Let $$Y_{ij}$$ be the $$j^{th}$$ measurement of jaw bone density for patient $$i$$. In this model we allow bone density to increase linearly in time and each patient has their own slope and intercept. The random slope model is $Y_{ij}|\alpha_{i1},\alpha_{i2}\sim\mbox{Normal}(\alpha_{i1}+age_j\alpha_{i2},\sigma^2)\mbox{ where }(\alpha_{1i},\alpha_{2i})^T\sim\mbox{Normal}(\mu,\Sigma).$

The random effects $$\alpha_{i1}$$ and $$\alpha_{i2}$$ are the subject-specific intercept and slope, respectively. The population of intercepts and slopes is assumed to be bivariate normal with mean vector $$\mu$$ and covariance matrix $$\Sigma$$.
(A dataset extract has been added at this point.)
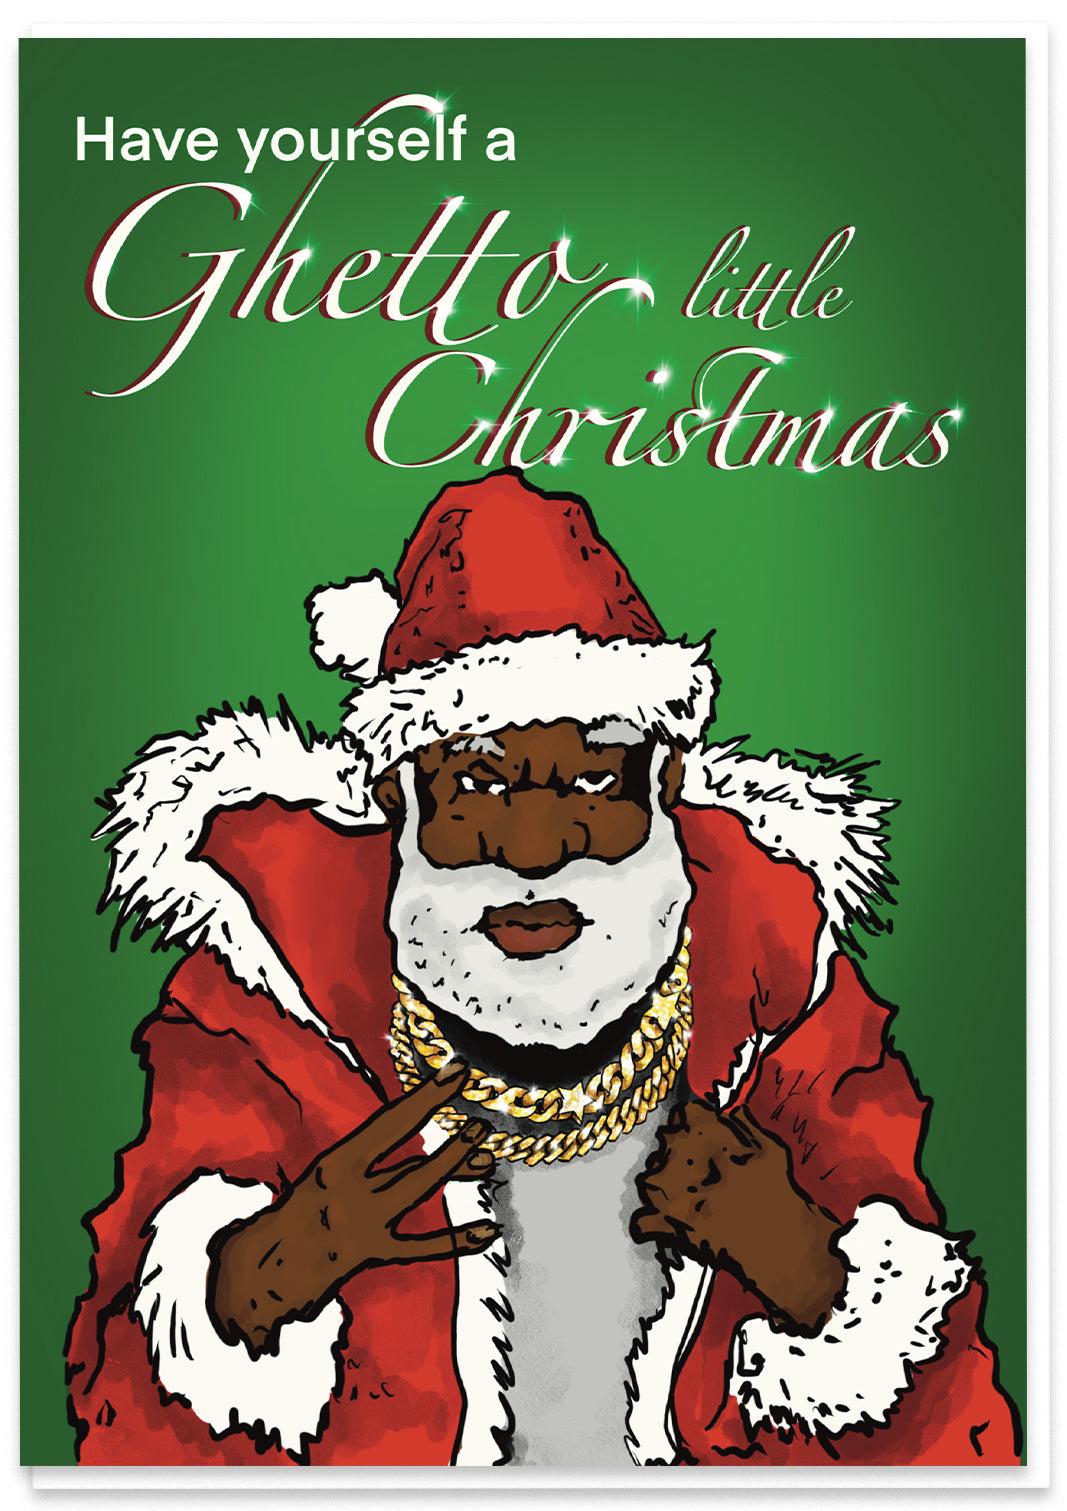 Ghetto Little Christmas

The objectives are to borrow strength across patients to estimate each patient's linear trend and then predict future jaw bone density.

## Load and plot the data

 library(rjags)

m   <- 4
n   <- 20
age <- c(8.0, 8.5, 9.0, 9.5)
Y   <- c(47.8, 48.8, 49.0, 49.7,
46.4, 47.3, 47.7, 48.4,
46.3, 46.8, 47.8, 48.5,
45.1, 45.3, 46.1, 47.2,
47.6, 48.5, 48.9, 49.3,
52.5, 53.2, 53.3, 53.7,
51.2, 53.0, 54.3, 54.5,
49.8, 50.0, 50.3, 52.7,
48.1, 50.8, 52.3, 54.4,
45.0, 47.0, 47.3, 48.3,
51.2, 51.4, 51.6, 51.9,
48.5, 49.2, 53.0, 55.5,
52.1, 52.8, 53.7, 55.0,
48.2, 48.9, 49.3, 49.8,
49.6, 50.4, 51.2, 51.8,
50.7, 51.7, 52.7, 53.3,
47.2, 47.7, 48.4, 49.5,
53.3, 54.6, 55.1, 55.3,
46.2, 47.5, 48.1, 48.4,
46.3, 47.6, 51.3, 51.8)

Y <- matrix(Y,20,4,byrow=TRUE)

plot(NA,xlim=range(age),ylim=range(Y),xlab="Age",ylab="Bone density")
for(i in 1:n){
lines(age,Y[i,])
points(age,Y[i,],pch=19)
}


## Put the data in JAGS format

 data     <- list(Y=Y,age=age,n=n,m=m)
burn     <- 10000
n.iter   <- 20000
thin     <- 10
n.chains <- 2


## Fit the random slopes model

 model_string <- textConnection("model{
# Likelihood
for(i in 1:n){for(j in 1:m){
Y[i,j] ~ dnorm(alpha[i,1]+alpha[i,2]*age[j],taue)
}}

# Random effects
for(i in 1:n){alpha[i,1:2] ~ dmnorm(mu[1:2],Omega[1:2,1:2])}

# Priors
for(j in 1:2){mu[j] ~ dnorm(0,0.0001)}
taue ~ dgamma(0.1,0.1)
Omega[1:2,1:2] ~ dwish(R[,],2.1)

R[1,1]<-1/2.1
R[1,2]<-0
R[2,1]<-0
R[2,2]<-1/2.1
}")

params  <- c("mu","alpha","taue","Omega")
model   <- jags.model(model_string,data = data, n.chains=n.chains,quiet=TRUE)
update(model, burn, progress.bar="none")
samples <- coda.samples(model, variable.names=params,
n.iter=n.iter, thin=thin, progress.bar="none")
samples <- rbind(samples[[1]],samples[[2]])
Omega   <- samples[,1:4]
a1      <- samples[,5:24]
a2      <- samples[,25:44]
mu      <- samples[,45:46]
sig     <- 1/sqrt(samples[,47])
S       <- Omega
for(i in 1:nrow(S)){
S[i,]<-as.vector(solve(matrix(Omega[i,],2,2)))
}

r <- S[,2]/sqrt(S[,1]*S[,4])
hist(r,breaks=50,prob=TRUE,main="",xlab="Correlation between random slopes and intercepts")


## Make predictions

This produces the estimated (posterior median) linear trend (solid line) and 95% interval (dashed lines) for three patients, plotted against their observations (points). The vertical boxplots give the posterior predictive distribution for the measurement that will be taken at age 10. This final prediction distribution accounts for both uncertainy in the random effects $$\alpha_{ij}$$ but also measurement variance $$\sigma^2$$.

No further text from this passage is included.